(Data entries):
++++
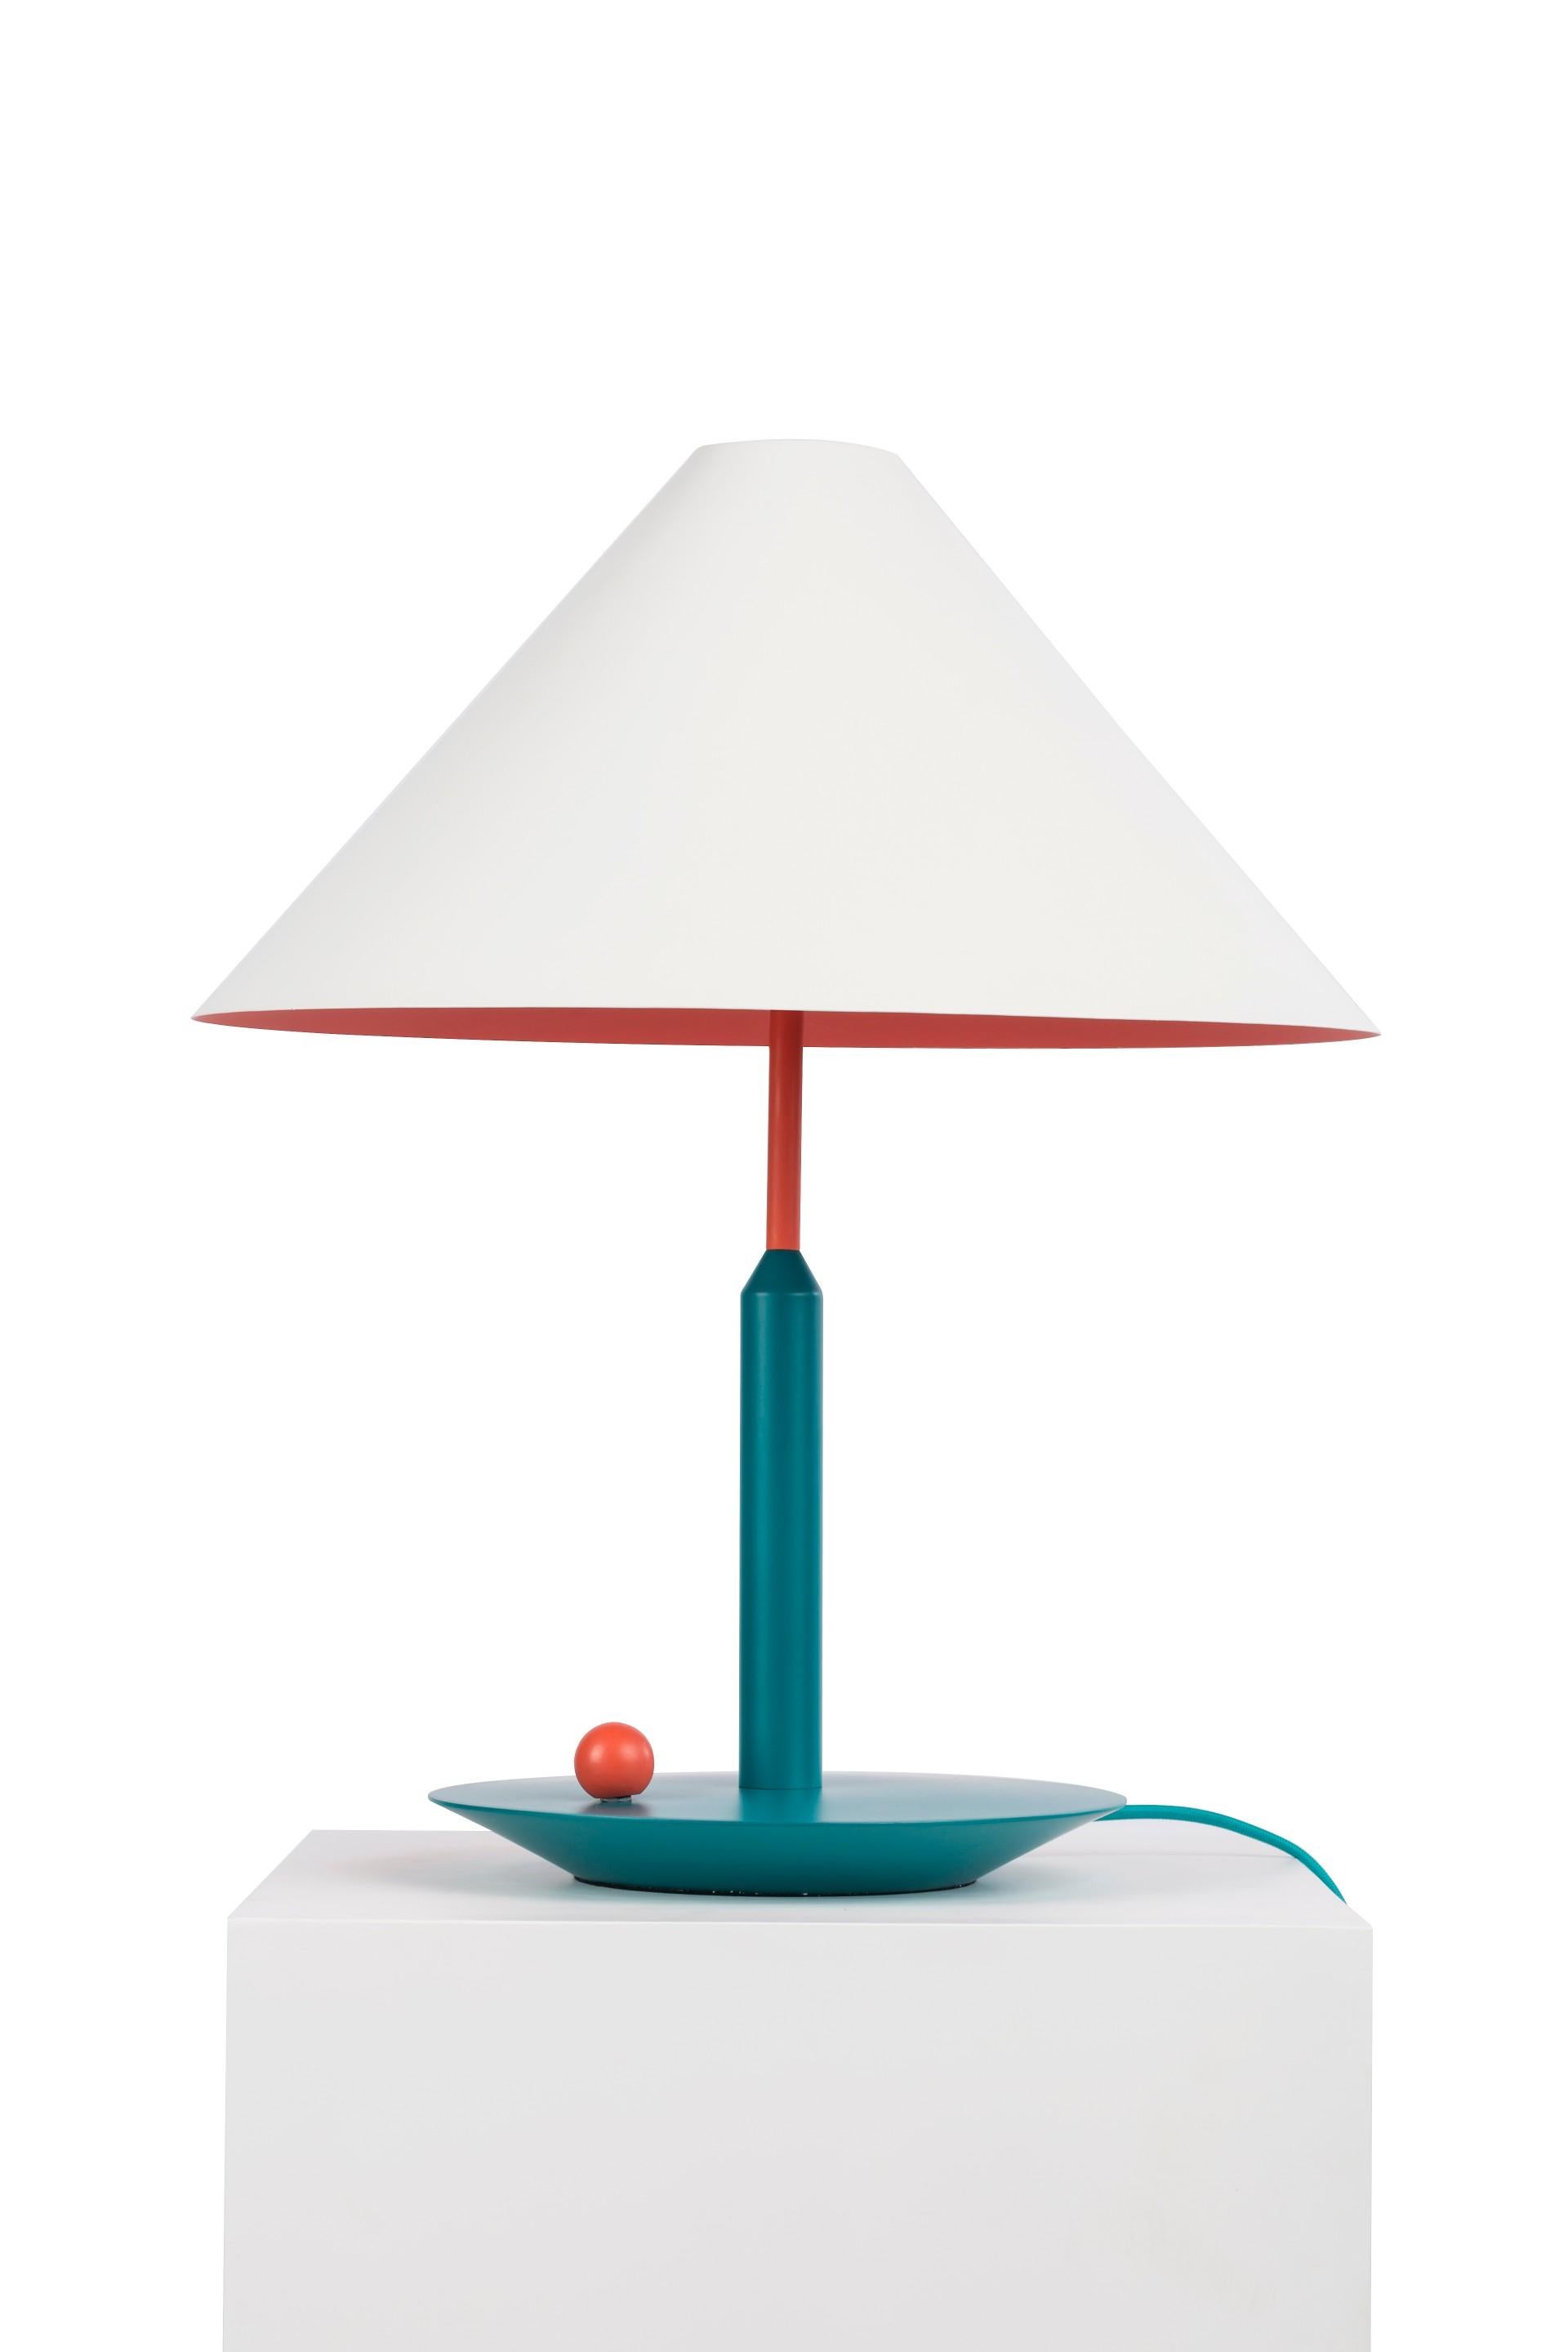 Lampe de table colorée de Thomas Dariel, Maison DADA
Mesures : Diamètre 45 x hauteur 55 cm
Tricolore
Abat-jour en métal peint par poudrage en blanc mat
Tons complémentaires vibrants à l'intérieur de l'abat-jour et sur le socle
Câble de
++++
Omit all pictures while transcribing the entries verbatim.

(Your response):
 Lampe de table colorée de Thomas Dariel, Maison DADA
Mesures : Diamètre 45 x hauteur 55 cm
Tricolore
Abat-jour en métal peint par poudrage en blanc mat
Tons complémentaires vibrants à l'intérieur de l'abat-jour et sur le socle
Câble de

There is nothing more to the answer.